A complete rationale for any opinions expressed must be provided.

3. When the development requested has been completed, review the case on the basis of additional evidence. The RO must consider all of the evidence received since the Board’s June 2016 remand.

If any benefit sought is not granted, the appellant should be furnished a supplemental statement of the case (SSOC) and be afforded a reasonable opportunity to respond before the record is returned to the Board for further review.

The appellant has the right to submit additional evidence and argument on the matters the Board has remanded. Kutscherousky v. West, 12 Vet. App. 369 (1999).
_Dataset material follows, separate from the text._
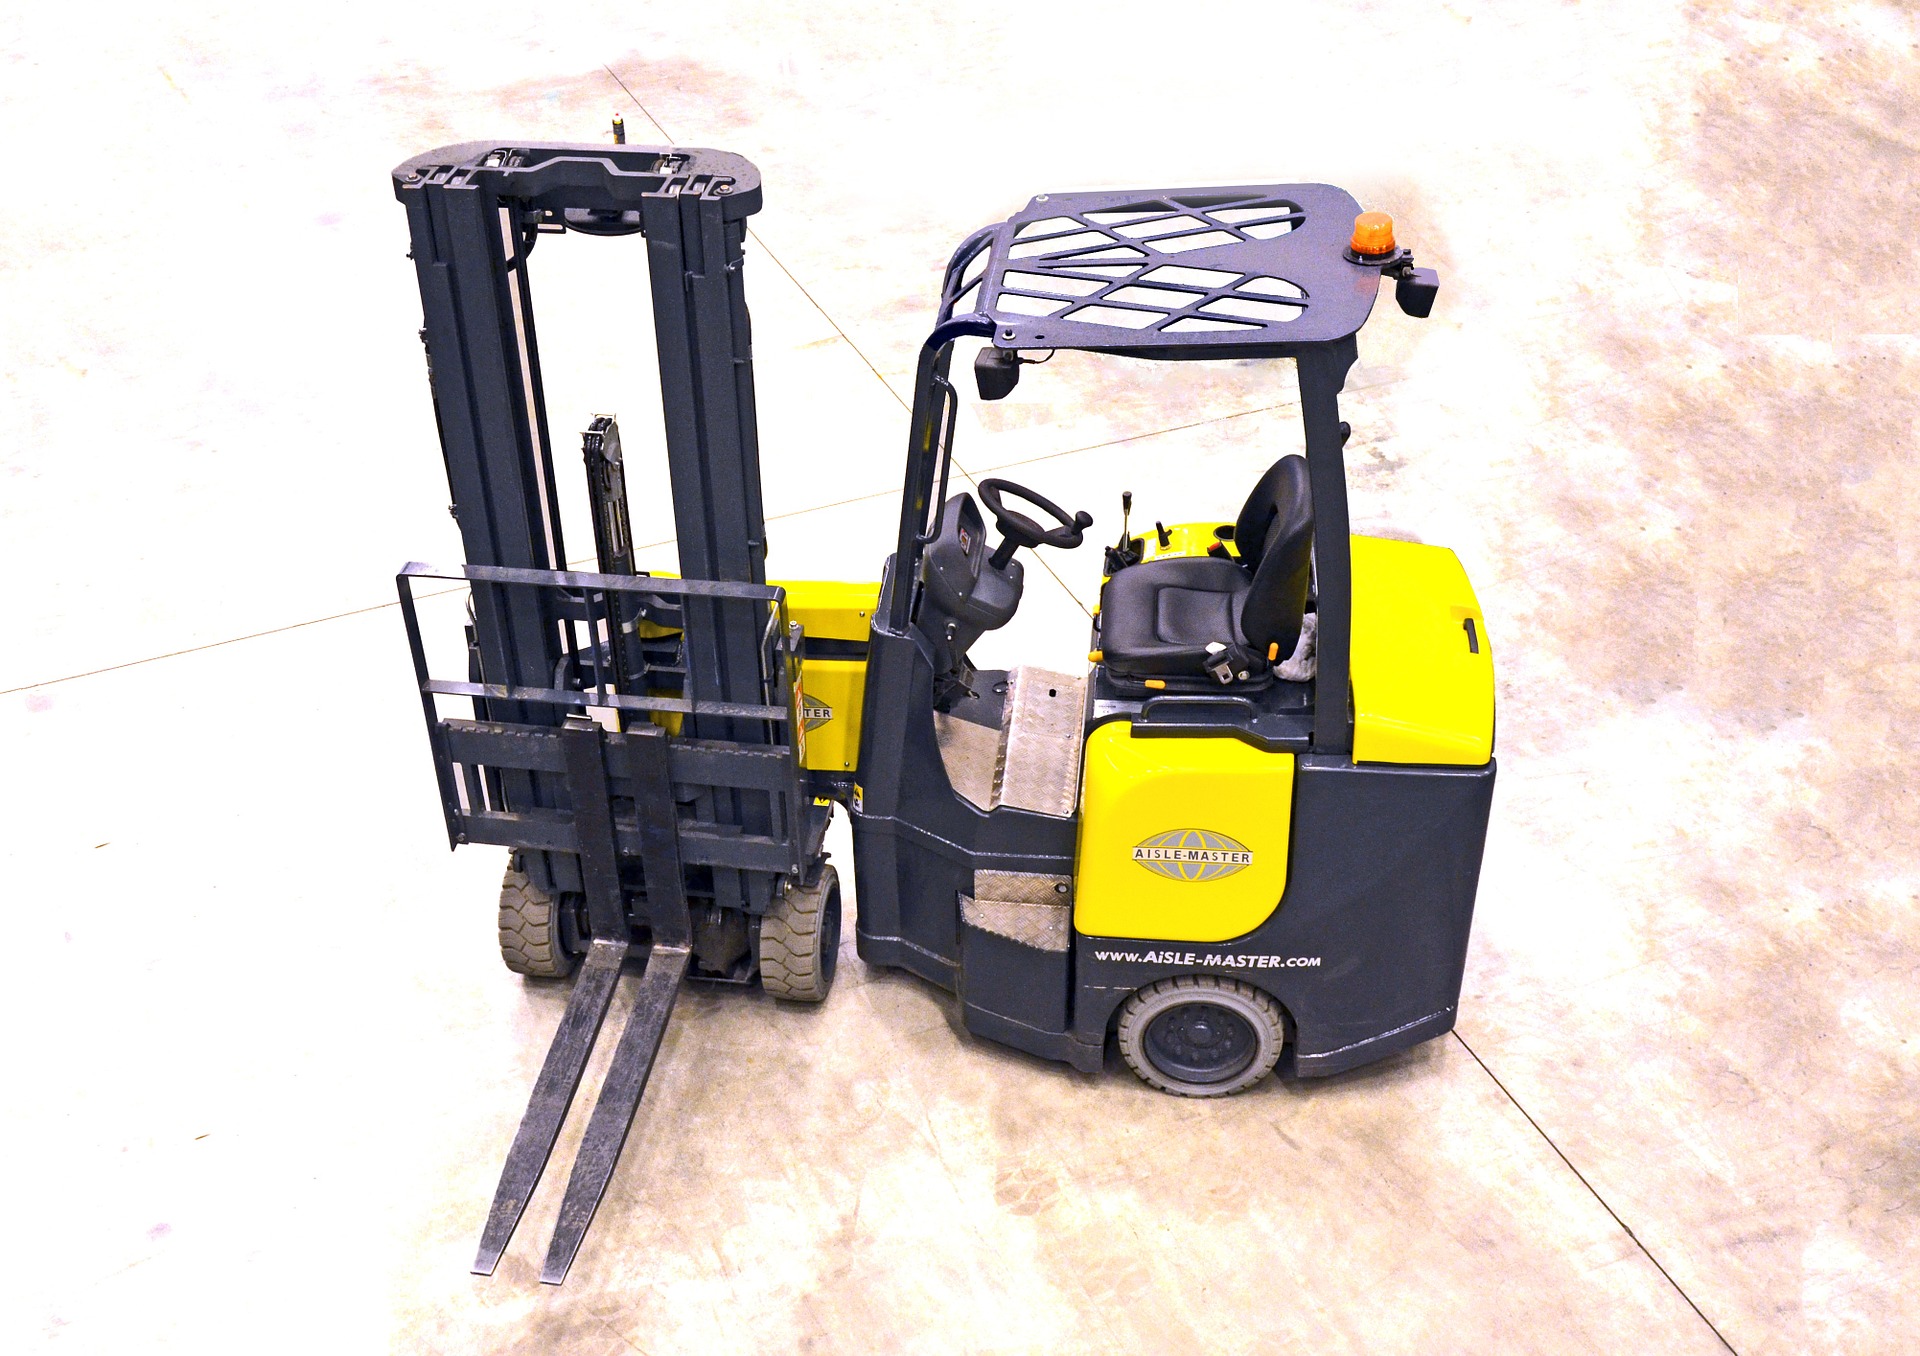 Pre-owned narrow aisle reach truck in a warehouse

This claim must be afforded expeditious treatment. The law requires that all claims that are remanded by the Board of Veterans’ Appeals or by the United States Court of Appeals for Veterans Claims for additional development or other appropriate action must be handled in an expeditious manner. See 38 U.S.C.A. §§ 5109B, 7112 (West 2014).

_________________________________________________
ROBERT C. SCHARNBERGER
Veterans Law Judge, Board of Veterans’ Appeals

Under 38 U.S.C.A. § 7252 (West 2014), only a decision of the Board of Veterans’ Appeals is appealable to the United States Court of Appeals for Veterans Claims. This remand is in the nature of a preliminary order and does not constitute a decision of the Board on the merits of your appeal. 38 C.F.R. § 20.1100(b) (2016).